I have made a lot of calls already but this one is going on my do not sell shelf. It has been a good challenge and a lot of fun making this one.

Have a great day,

ThomasT

Reactions: Like 3 | Way Cool 4


----------



## DKMD

Very cool!

Reactions: Thank You! 1


----------



## Ray D

Very nice.

Reactions: Thank You! 1


----------



## jbowers

Looks great! I had been playing around also and found 3/4 for barrel works good stopping short so it could still fit together with the 5/8 delrin. I played around with plugs in the exhaust and it helps with the error factor of finding the sweets spot, but it does lower volume a bit, so it's a trade off.

Reactions: Thank You! 1 | Informative 1


----------



## ThomasT

jbowers said:


> Looks great! I had been playing around also and found 3/4 for barrel works good stopping short so it could still fit together with the 5/8 delrin. I played around with plugs in the exhaust and it helps with the error factor of finding the sweets spot, but it does lower volume a bit, so it's a trade off.



Hello Josh,

Thank you. The plug cutting down on the volume was my big problem with the first Hooter that I made. I have not tried any plug with this new Call but it is much louder so I may be able to find a compromise.
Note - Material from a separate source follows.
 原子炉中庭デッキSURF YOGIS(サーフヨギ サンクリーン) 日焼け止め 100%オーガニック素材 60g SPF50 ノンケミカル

I have only applied one coat of the Paste in these photos, but will get at least four coats of Wax on it and then will experiment with some form of a restrictor.

What kind of a plug did you find that worked best?
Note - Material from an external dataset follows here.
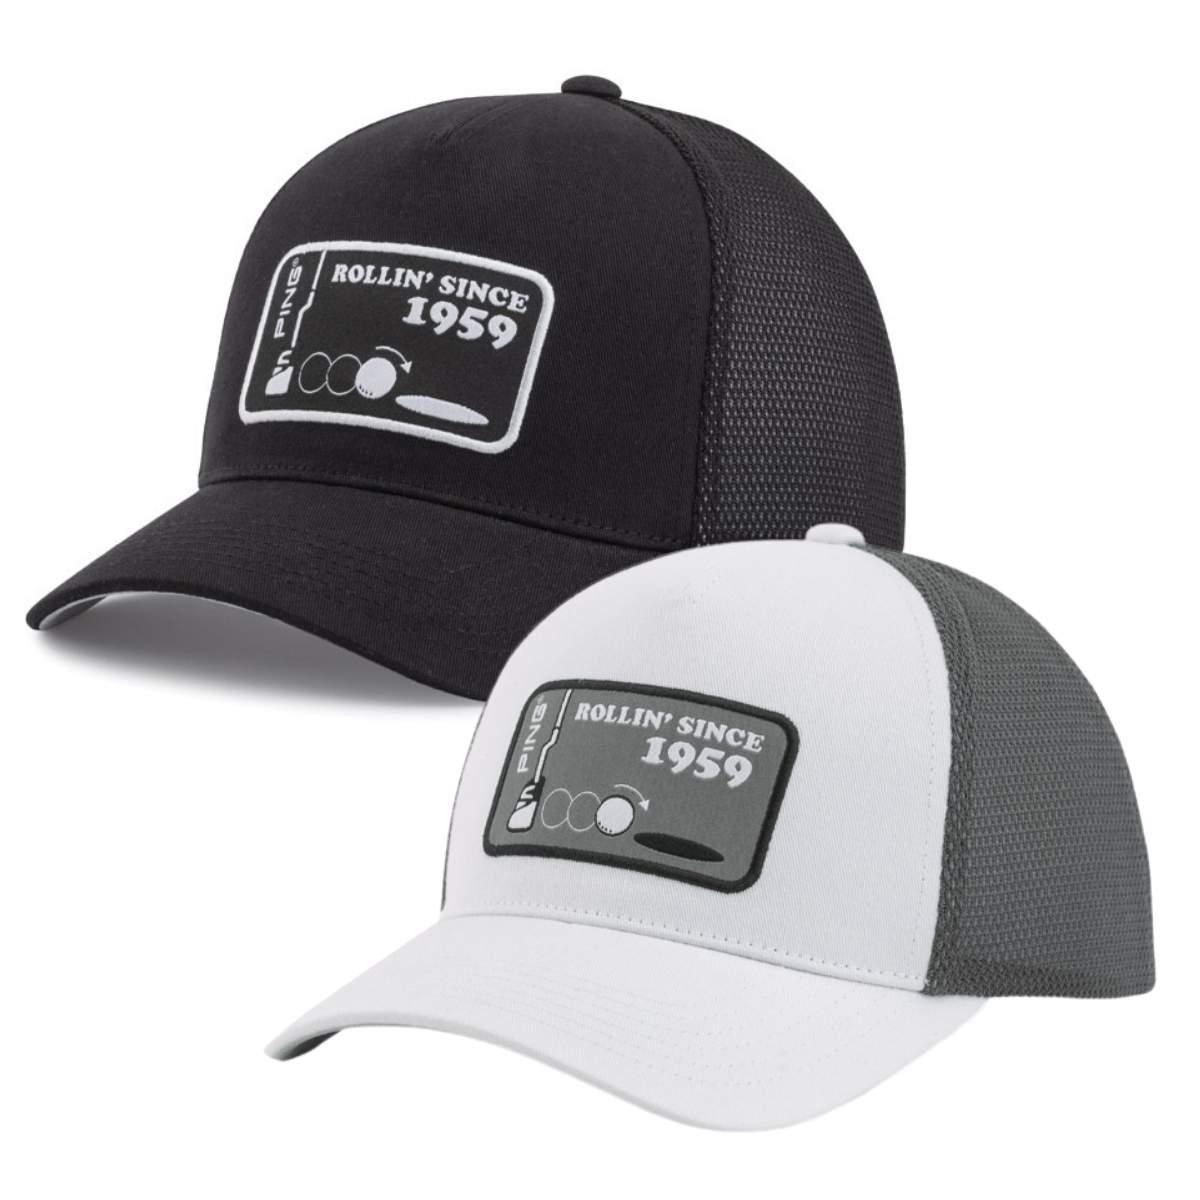 PING Men's Rollin 59 Cap

I am attaching my drawings so you can see what the insides look like. These drawings can be printed out on 8-1/2x11 or 11x17 paper.

Have a great day,
ThomasT

Reactions: Thank You! 1


----------



## ThomasT

DKMD said:


> Very cool!



Hello and thank you Davis.

Have a great day,
ThomasT


----------



## ThomasT

Ray D said:


> Very nice.



Hello and thank you Ray.

Have a great day,
ThomasT


----------



## B Rogers

Nice job Thomas. Sounds like a machining background is coming in super handy. You'll be able to design and make any jig you might need. We may be calling on you as well.
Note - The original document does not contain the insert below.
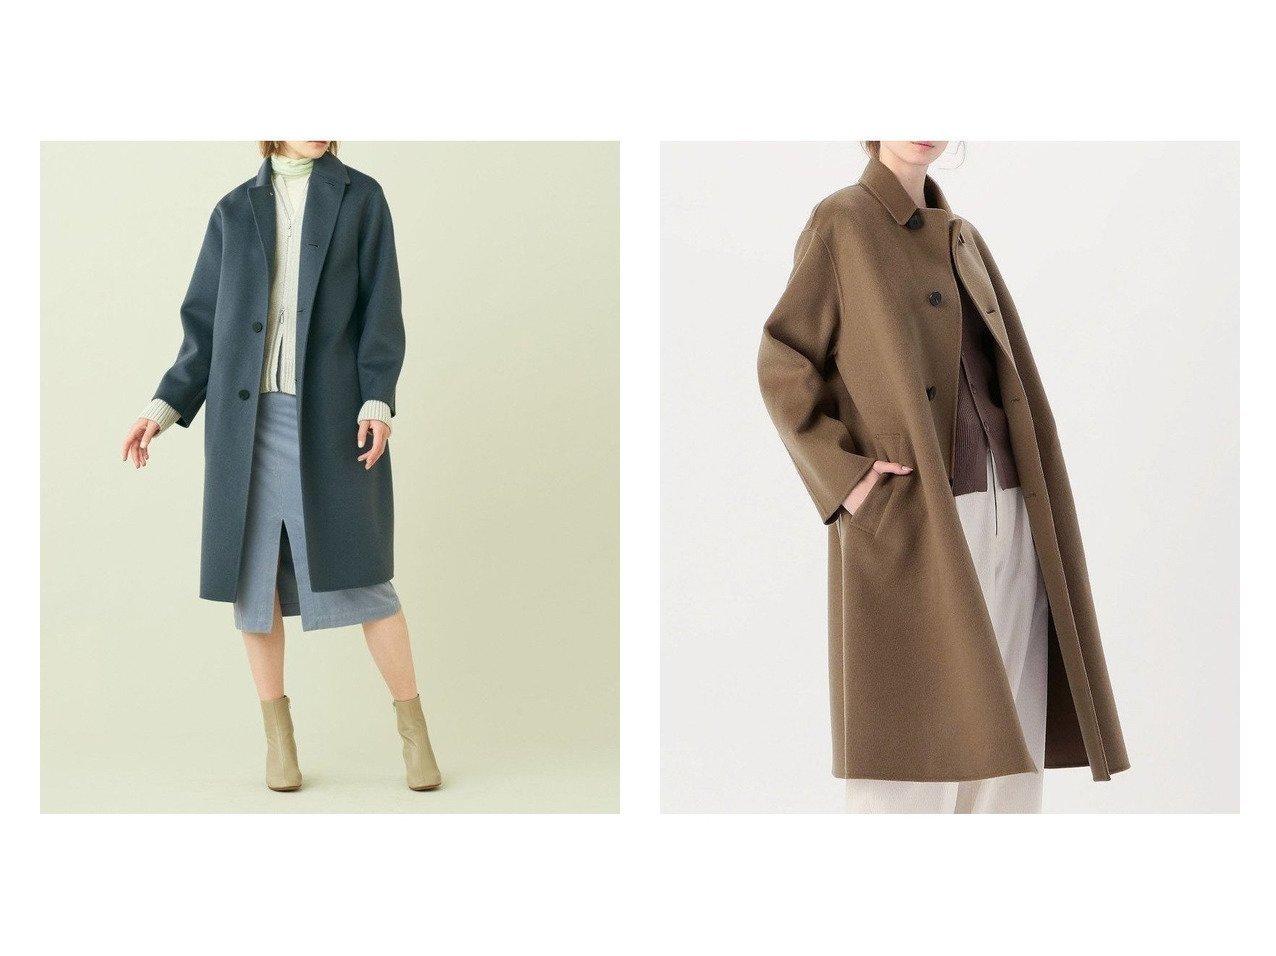 【GALERIE VIE / TOMORROWLAND/ギャルリー ヴィー】の【WEB先行予約】ウールダブルフェイス ダスターコート アウターのおすすめ!人気、トレンド・レディースファッションの通販 おすすめで人気の流行・トレンド、ファッションの通販商品 メンズファッション・キッズファッション・インテリア・家具・レディースファッション・服の通販 founy(ファニー) https://founy.com/ ファッション Fashion レディースファッション WOMEN アウター Coat Outerwear コート Coats ジャケット Jackets 2020年 2020 2020-2021 秋冬 A/W AW Autumn/Winter / FW Fall-Winter 2020-2021 A/W 秋冬 AW Autumn/Winter / FW Fall-Winter なめらか ジャケット バランス ベーシック 冬 Winter  ID:crp329100000014726

Reactions: Thank You! 1 | Agree 1


----------



## ThomasT

B Rogers said:


> Nice job Thomas. Sounds like a machining background is coming in super handy. You'll be able to design and make any jig you might need. We may be calling on you as well.



Hello Bryson,

I feel sure that my years on a metal lathe has helped me get started on the wood lathe. The two adapters are very basic but sure made this job a lot easier and will come in handy later on down the road. Here is a photo of the two pieces; one is turned from 3/4" down to 1/2" that I used in the Collet, and the other one is turned from 1" down to 3/4" on end with a center drill to use with a Live Center, and the other end down to 5/8" with a center drill.

Thank you and have a great day,
ThomasT

Reactions: Like 3


----------



## Ray D

Thanks for posting your drawings. I played around with the J100 reed a bunch but never quite got the sound I was after. I made it pretty much the way you did plus made a wide variety of exhaust plugs. Your post makes me want to dig them back out. Thanks......I think. Lol

Reactions: Thank You! 1 | Agree 1 | Funny 1


----------



## ThomasT

Ray D said:


> Thanks for posting your drawings. I played around with the J100 reed a bunch but never quite got the sound I was after. I made it pretty much the way you did plus made a wide variety of exhaust plugs. Your post makes me want to dig them back out. Thanks......I think. Lol




Hello again Ray,

Look at the Barrel drawing and note the 5/8" relief that is in the bore. Looking from right to left, the 3/4" bore, then the 5/8" relief and then the 1/2" bore. The relief is to allow room for the O-ring that is on the J100 reed when you purchase it. This is of course for my design and may not be needed in another design. Hope this will help some.

If you come up with a "good" design for a plug, please let me know. It will be next week some time before I can start experimenting with plugs.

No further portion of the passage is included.